3 TypeScript RAG Pipeline Errors That Cost Days of Debugging

Building a production-grade AI support agent in TypeScript taught me that RAG pipelines aren't just about plugging in an LLM. The devil isn't just in the details—it's in the assumptions. After months of debugging avoidable errors, I’ve distilled three key mistakes that derailed my initial approach, along with the solutions that finally worked. If you're developing a RAG system in TypeScript (or any stack), these insights could save you weeks of frustration.

The pipeline powers a multi-tenant helpdesk agent using Node.js, PostgreSQL with pgvector, and no Python or LangChain dependencies. It processes customer documentation to answer queries with contextual accuracy. Below, I break down the mistakes, why they failed, and how structural improvements transformed the system from brittle to reliable.

Why Fixed-Size Chunking Fails in Real-World RAG

Most tutorials introduce RAG by splitting documents into fixed-size chunks with overlap. It’s simple to implement and often demonstrates basic functionality. Yet this approach ignores the structure of real documents—especially technical ones like API guides, tutorials, or code-heavy manuals.

Consider a markdown file titled Setting Up Stripe Webhooks. It contains:

A heading: ## Configuring Webhooks
A paragraph explaining webhook concepts
A TypeScript code block initializing Stripe and defining a webhook handler
Another paragraph detailing signature verification
Final notes on retries and error handling

A fixed-size chunker splits this document at arbitrary character counts. The result? A chunk ending mid-code block, containing const stripe = new Stripe(STRIPE_SECRET_KEY) but missing the handler logic. The next chunk starts with req.body, sig, endpointSecret, leaving the LLM with no context about what these variables represent. When a user asks, “How do I verify Stripe webhooks?” the embedding model can’t associate this fragment with the actual process. Even if retrieved, the LLM receives half a code sample and may hallucinate the rest or return a nonsensical answer.

The Fix: Respect Document Structure with Semantic Chunking

Real documents are written in sections for a reason. Each heading marks a coherent topic. My solution replaces fixed-size slicing with structural chunking, which splits content at heading boundaries while preserving hierarchy and context.

The algorithm works like this:

Parse frontmatter (YAML metadata at the top of the file) to extract the document title and tenant context.
Identify headings using Markdown syntax (#, ##, etc.), but skip headings inside code blocks to avoid breaking code sections.
Group content between headings into logical chunks. For example, everything between ## Stripe Webhooks and ### Choosing a Sync Mode becomes one chunk.
Track the section path—a breadcrumb like "Stripe Webhooks > Choosing a Sync Mode"—to provide the LLM with contextual where this information comes from.
Handle large sections by splitting first at paragraph boundaries (\n\n), then at lines (\n) if necessary. Each chunk respects the semantic unit of a paragraph or code block.
Apply deterministic IDs using sha256(sectionPath + content) to ensure idempotency—running the pipeline twice produces identical results, enabling safe upserts.
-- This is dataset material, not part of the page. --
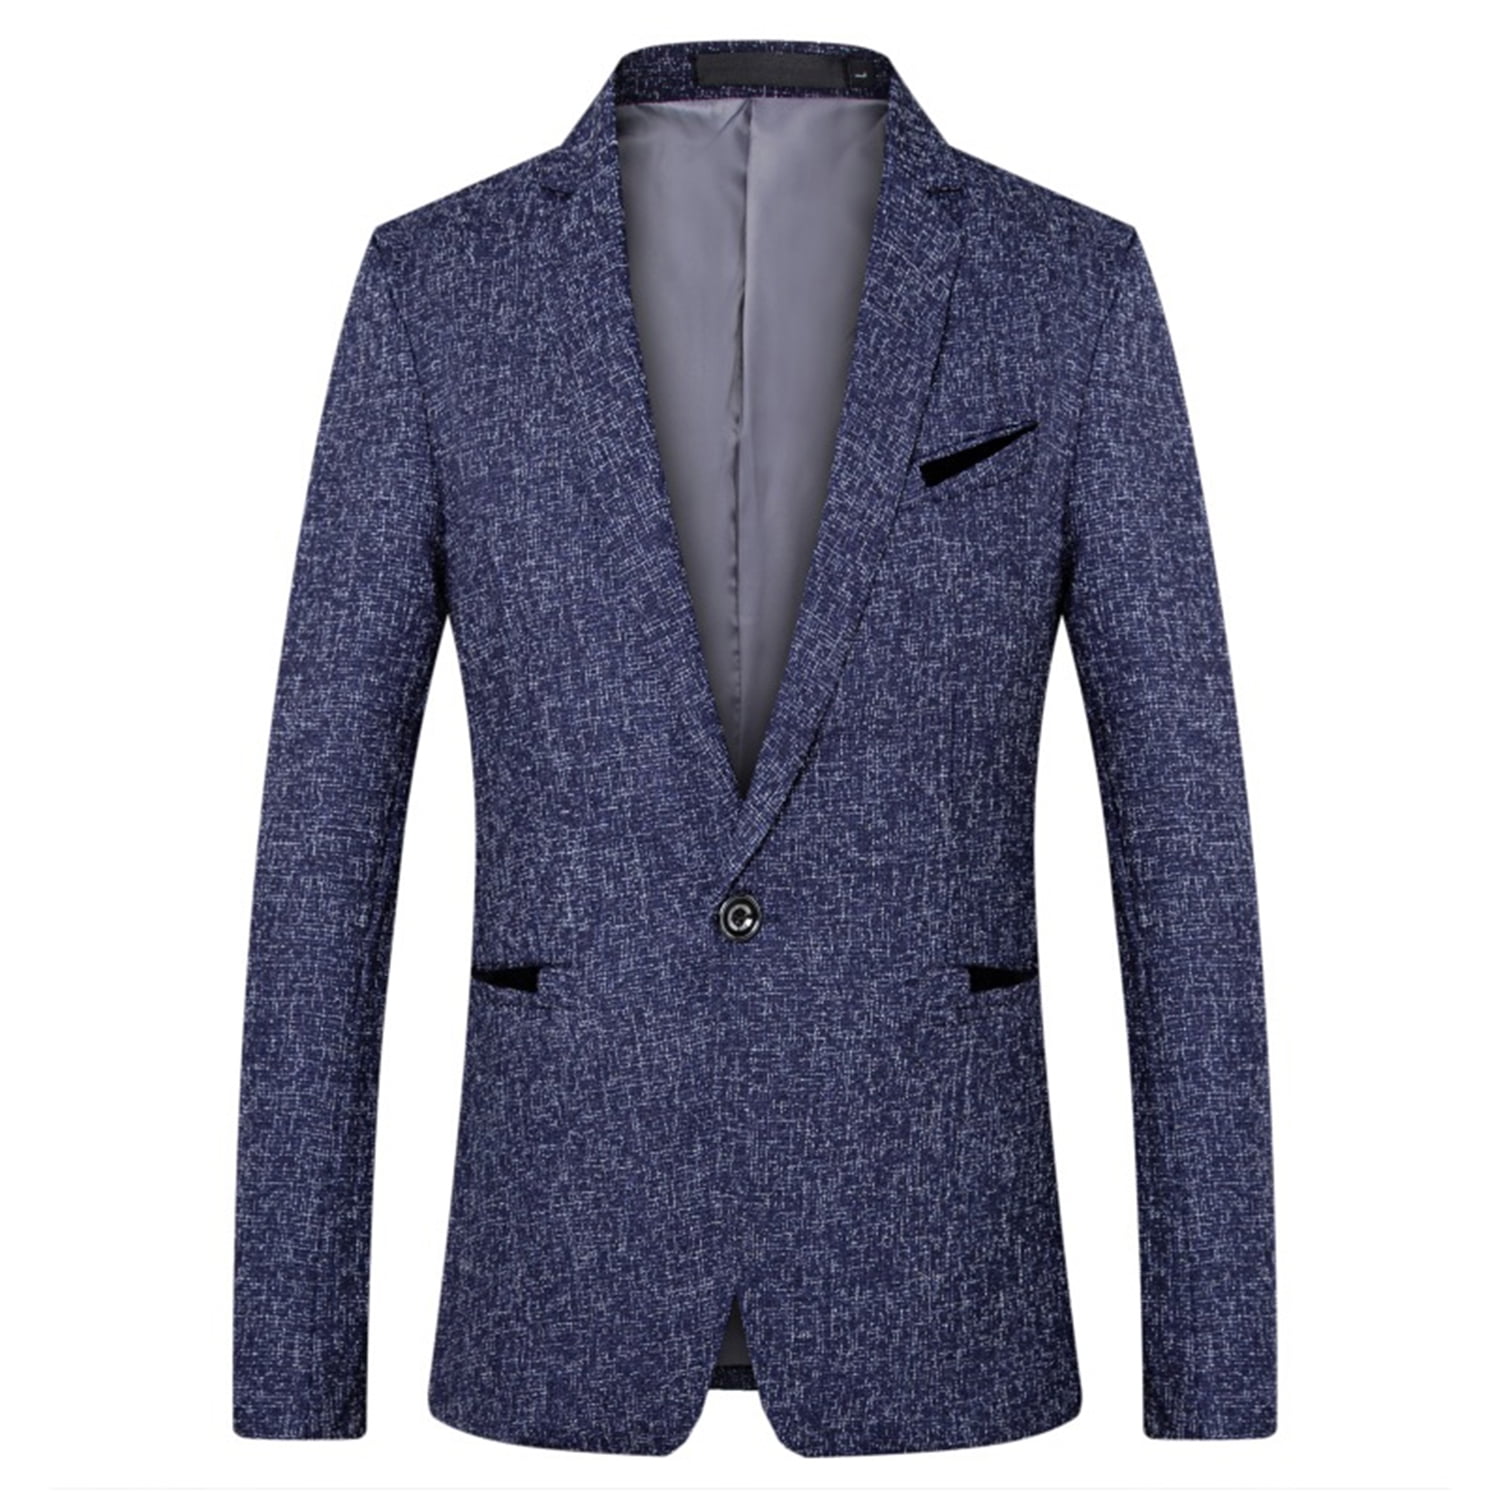 Lu's Chic Men's Business Casual Suit Jacket Cozy Sport Coat Slim Fit ...

This method produces chunks that align with how humans write and read documents. The embedding captures the full meaning of a topic—not a random slice of text.

{
  "id": "a8f3e2d1b9c04567",
  "tenant_id": "posthog",
  "source_file": "published/docs/cdp/sources/stripe.md",
  "doc_title": "Linking Stripe as a Source",
  `section_path": "Linking Stripe as a Source > Choosing a Sync Mode",
  "content": "The actual section content...",
  "doc_type": "docs"
}

Key metadata principles:

section_path provides granular context, turning ambiguous headings like “Choosing a Sync Mode” into unambiguous paths.
tenant_id is baked in from day one, enabling multi-tenancy without costly refactoring later.
Deterministic IDs prevent duplication and ensure consistency across pipeline runs.
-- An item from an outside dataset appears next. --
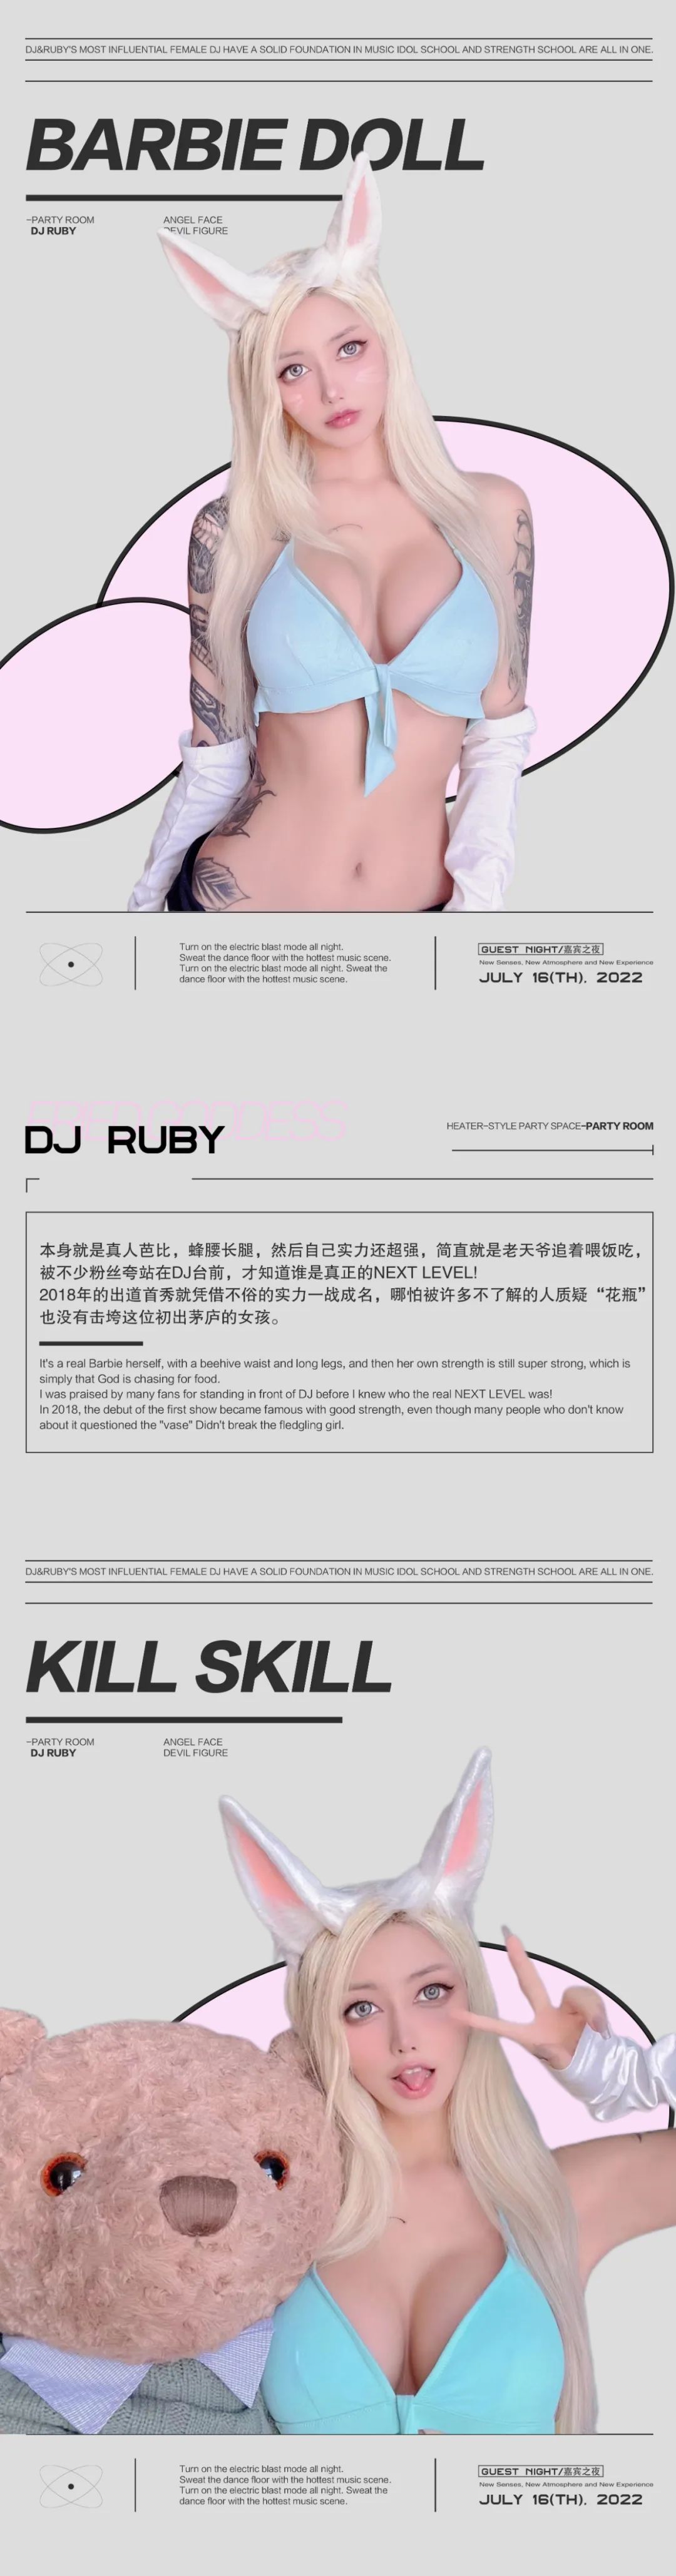 𝐏𝐀𝐑𝐓𝐘 𝐑𝐎𝐎𝐌 | 7月16日| 夜店新宠&弹跳女神DJ RUBY夏日电音轰趴-丽水Party Room百大电音剧场

The Silent Failure: Embedding Models and Chunk Size Limits

Even structural chunking hit a wall when embedding models rejected oversized chunks. The nomic-embed-text model I used has an 8,192-token context limit. Some sections in my docs exceeded 13,000 characters—far beyond the safe zone. My first instinct was to truncate during embedding: “Just chop at 8,192 tokens and embed what fits.”

That was a mistake.

Truncation silently omits critical content. A 13k-character section on webhook configuration could lose its second half—the part covering error handling and retries. The LLM would receive a partial guide and generate incomplete or incorrect answers. Worse, truncation breaks the contract between chunking and embedding: the chunker’s job is to produce valid, self-contained units; the embedder should never need to trim data.

Two-Layer Splitting: Size Control Before Embedding

The fix was to enforce size limits before embedding, using a two-tier splitting strategy:

Paragraph split: Break content at double newline (\n\n). Paragraphs are naturally coherent units of meaning.
Line split (fallback): For content without paragraphs—like tables or long code blocks—split at single newlines.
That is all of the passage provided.